Translation is a very ancient human activity. Translation activity has its roots in distant, archaic times. Once upon a time, the proto-language of our ancestors began to split into various language groups. There was an urgent need for people able to take on an important mediating mission in communication between representatives of different communities. The first translators appeared.

The brave and enlightened Romans were the pioneers of educational translation functions. Many renowned citizens were involved in the transcriptions here, because proficiency in Greek (and in ancient Rome, basically all texts were translated from ancient Greek) was an indicator of high status and good education.

The very first theorist in translation activity was Mark Tullius Cicero. According to Cicero, when translating a text, one should focus on the final recipient, while the very meaning of the given work should be conveyed, not necessarily literally. “A word-by-word translation entails a depletion of the original”, said Mark Tullius.

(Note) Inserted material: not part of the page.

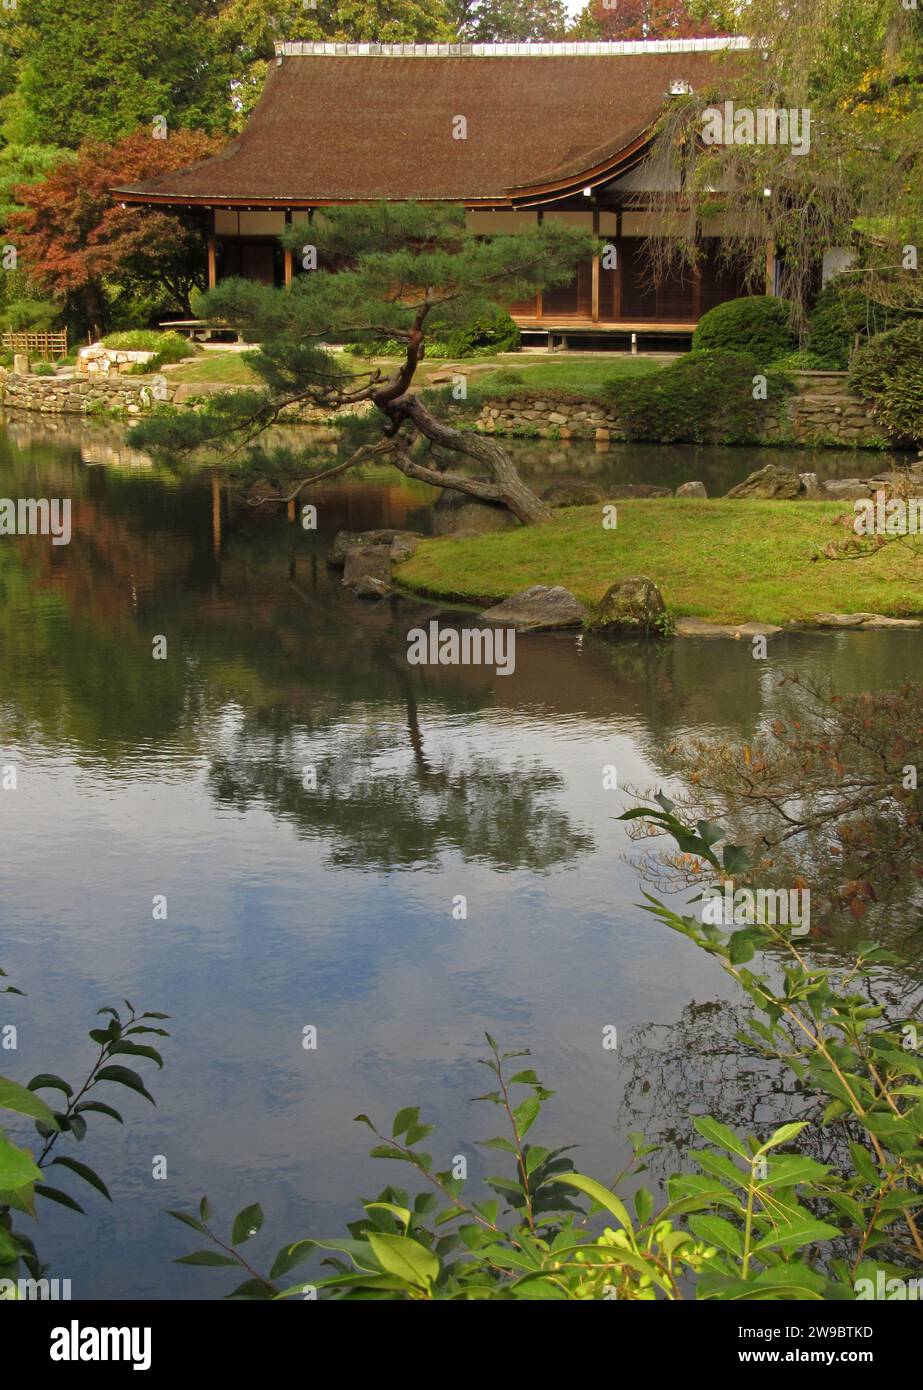 Shofuso Japanese House in Philadelphias Fairmount Park, einem historischen Wahrzeichen, das 1953 erbaut wurde und einem japanischen Haus und Garten aus dem 17. Jahrhundert nachempfunden ist. Stockfoto

The emergence of book printing stimulated translation activities. It was then that modern terms appeared. The appearance of the verb “traduire” is attributed to 1539, and in 1540 the French humanist and translator Etienne Dole includes “traduction” and “traducteur” in one of his treatises. In Spain, the neologisms “traducir” and “traduccion” appear, and in Italy – “tradurre” and “traduzione”. In school practice, the term “version” continues to be used, meaning translation into the native language from Greek and Latin.

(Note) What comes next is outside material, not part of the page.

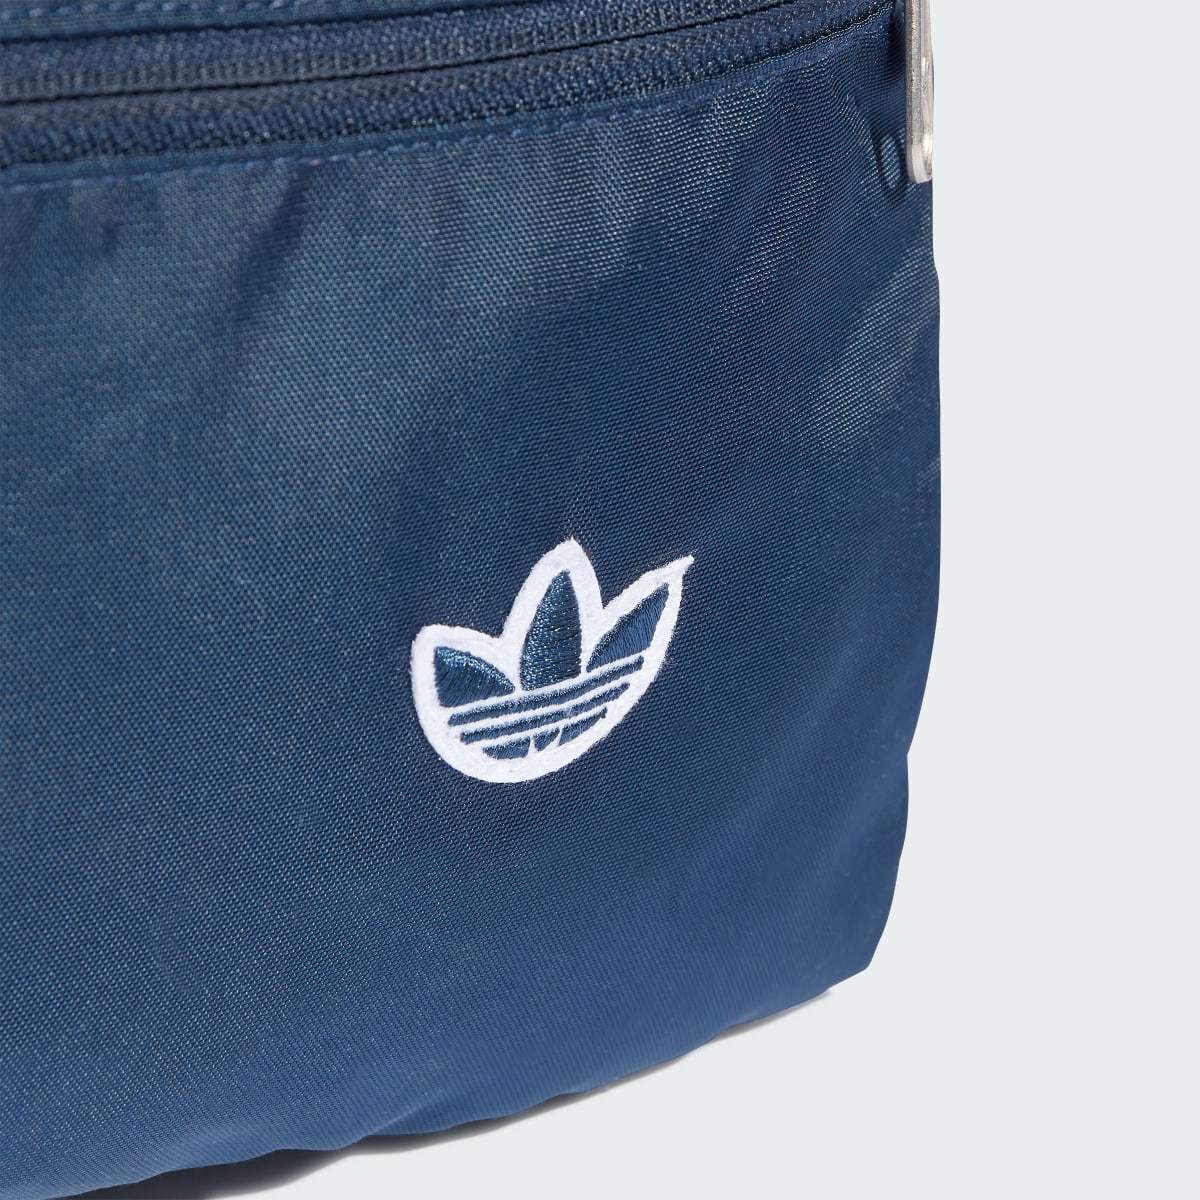 Adidas Premium Essentials Backpack. 6

By the end of the XIX century translators began to formulate some semblance of a “normative translation theory” outlining a number of requirements that a “good” translation or translator must meet.

Translation studies first took shape as an independent discipline as a branch of linguistics in the 1930s. One of the first attempts to create a full-fledged theory of translation was made in the works of Russian scientists A.V. Fedorov and Ya.I. Rezker. They developed a linguistic translation theory called “the theory of regular correspondence”. There was still no full understanding of translation as an interdisciplinary phenomenon, and the attention of researchers was quite rightly focused on its linguistic aspect. The significance of this theory can hardly be overestimated.

The modern theory of translation as a starting point is based on the fact that translation, like language, is a means of communication. Hence the name of this theory – “the communicative model of translation”. There are many descriptions translation, reflecting one or another of its features as an act of interlingual communication. Among them – one of the most developed is proposed in the works of German scientists O. Kade and A. Neubert. Communication theory owes much of its subsequent development to the research of Russian scientists V.N. Komissarov and A.D. Schweitzer.

Today, the greatest need for translators is in technical fields, more than 70 % of the world’s translators work in them. The largest volume of translated texts is business correspondence, followed by consumer informational texts of various kinds (instructions, brochures, etc.), then scientific and technical texts, contractual texts, technical descriptions.